ドイツからの援助でオスマントルコが敷設した。車両が展示されているが、ドイツからの観光客が車両の一部をはがして持って帰るので、今は近づけないように金網で囲われている。




初代国王には、36人の男子がいた。現在は、7代目だが、初代の25番目の子供である。王族は、少なくみつもっても6000人は、くだらないという。王族は、政治、経済の主要なポストを占める。

ムハンマド皇太子によって、「サウジビジョン2030」が2017年から進められている。2030年までに、石油依存からの脱却と産業の多角化を進めている。

男女平等化も徐々に進められている。2011年、地方評議会の選挙権、被選挙権が女性にも認められ、20人が当選したとのこと。2019年から女性も運転免許が取れる。

 

観光にも力をいれ、女性の観光客が、今までは全身をおおうアバヤー黒い目だけを出したマントのような民族衣装(サウジの女性は着ている)を着なくてもよくなった。
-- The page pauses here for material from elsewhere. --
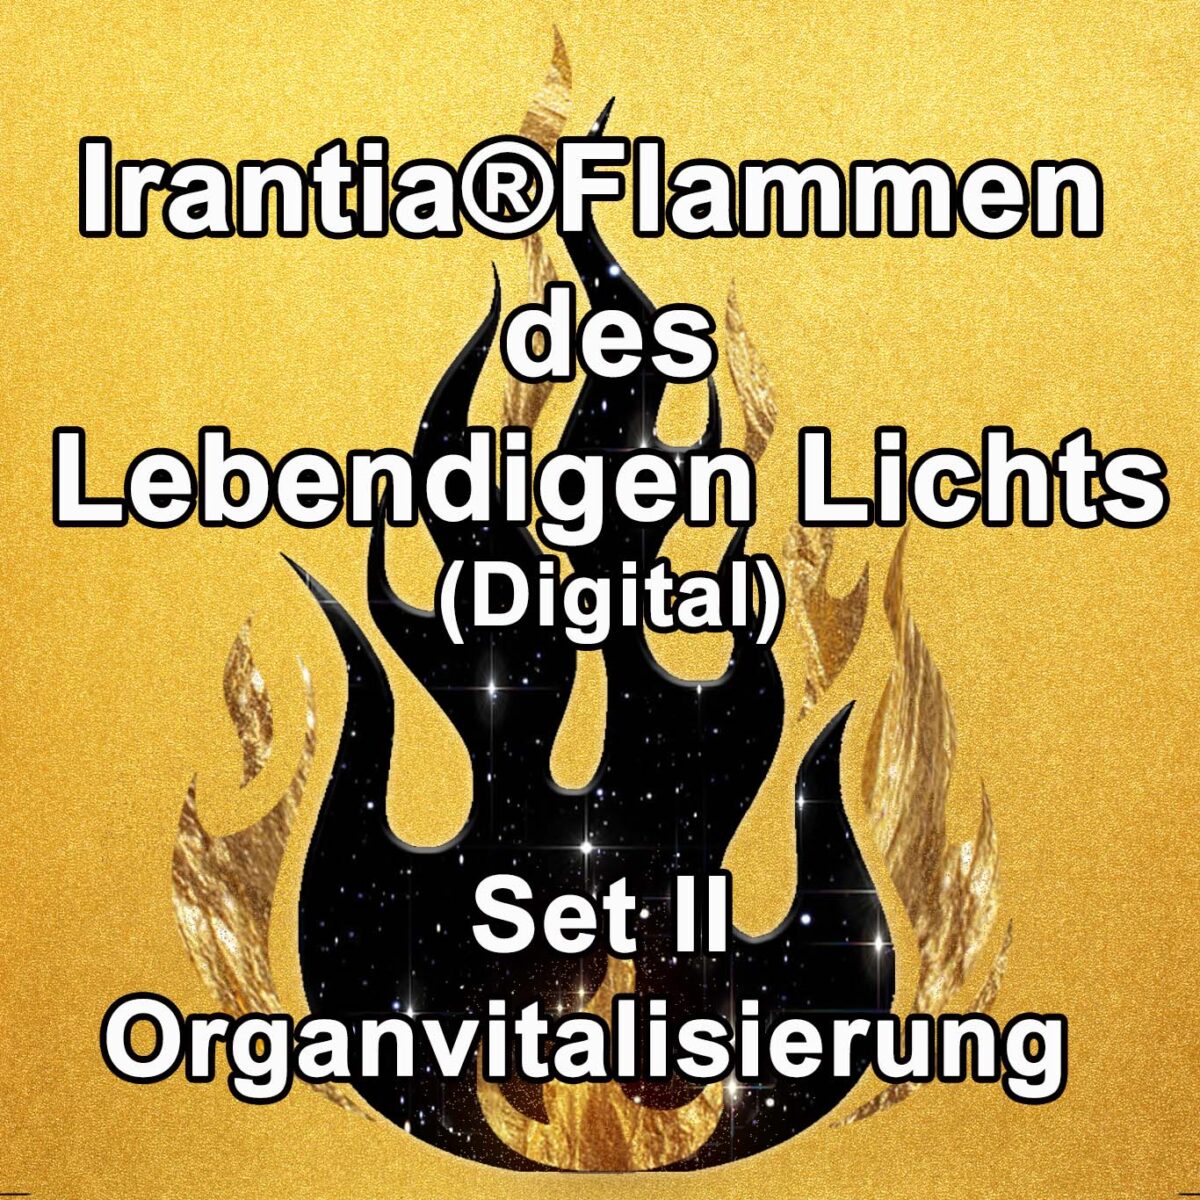 Irantia®Flammen des Lebendigen Lichts (digital) – Set 2 (Organvitalisierung)
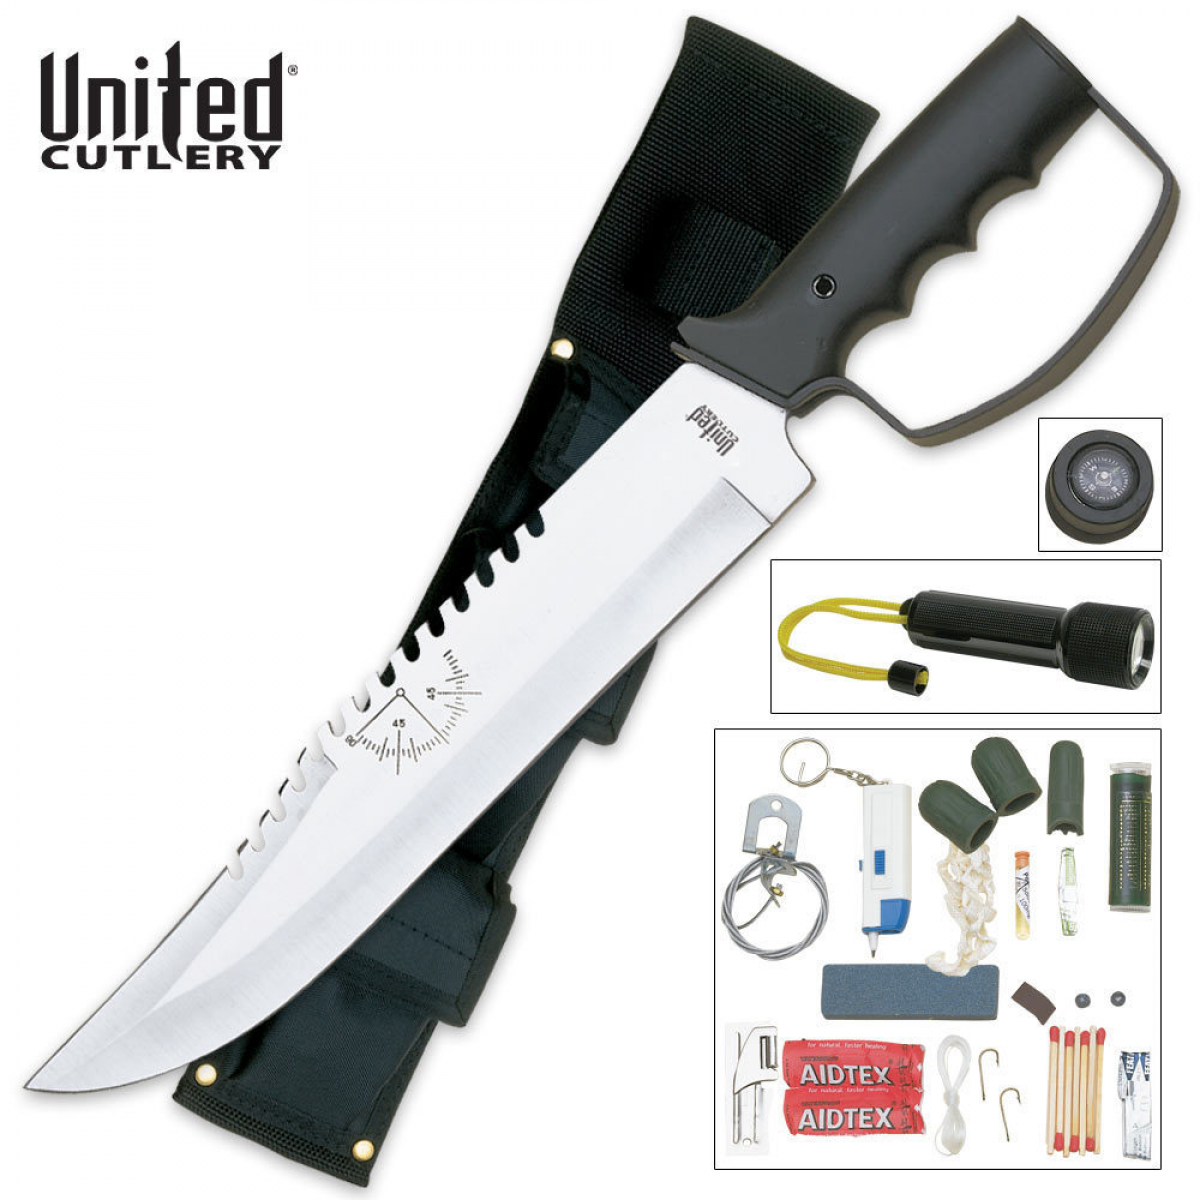 Bushmaster Survival Knife and Kit

今までは女性は、医者か教師しか仕事がなかったが、女性もいろんな所で働いている。遺跡の説明も若い女性がやっていた。遺跡で女性がジープを運転していた。

イスラム教の聖地メディナにも異教徒が2022年から入れるようになった。メッカは、今の所ダメだが。現在、世界遺産に登録されているのは4つ。広い国土だが、全て訪ねることができた。

 



行きの飛行機の中で、隣に座った若い男性に「ドバイからどこへ行くの?」と聞いたら、「ポーランドのワルシャワ」「観光?」「隣の友人とサッカーをやっていて、ポーランドのチームと契約して2年間そこにいます」との返事。私が「サウジアラビアに行く」と言ったら「サウジアラビアに行ってみたい」との返事。

 



昨年、カタールで開催されたワールドカップで活躍したポルトガル代表のクリスティアーノ・ロナウドがサウジアラビアのチーム、アル・ナスルに年俸2億ユーロ(約286億円)で引き抜かれた話は、後で知った。現在、首都リャドの億ションに住んでいるという。石油のおかげで優秀な選手をひき抜ける。アラブの盟主を自認しているサウジアラビアとしては、ワールドカップの開催をカタール(2022年12月)に先を越された形になったが、協力を惜しまず看護人、警備人などを空路、陸路で多数送ったという。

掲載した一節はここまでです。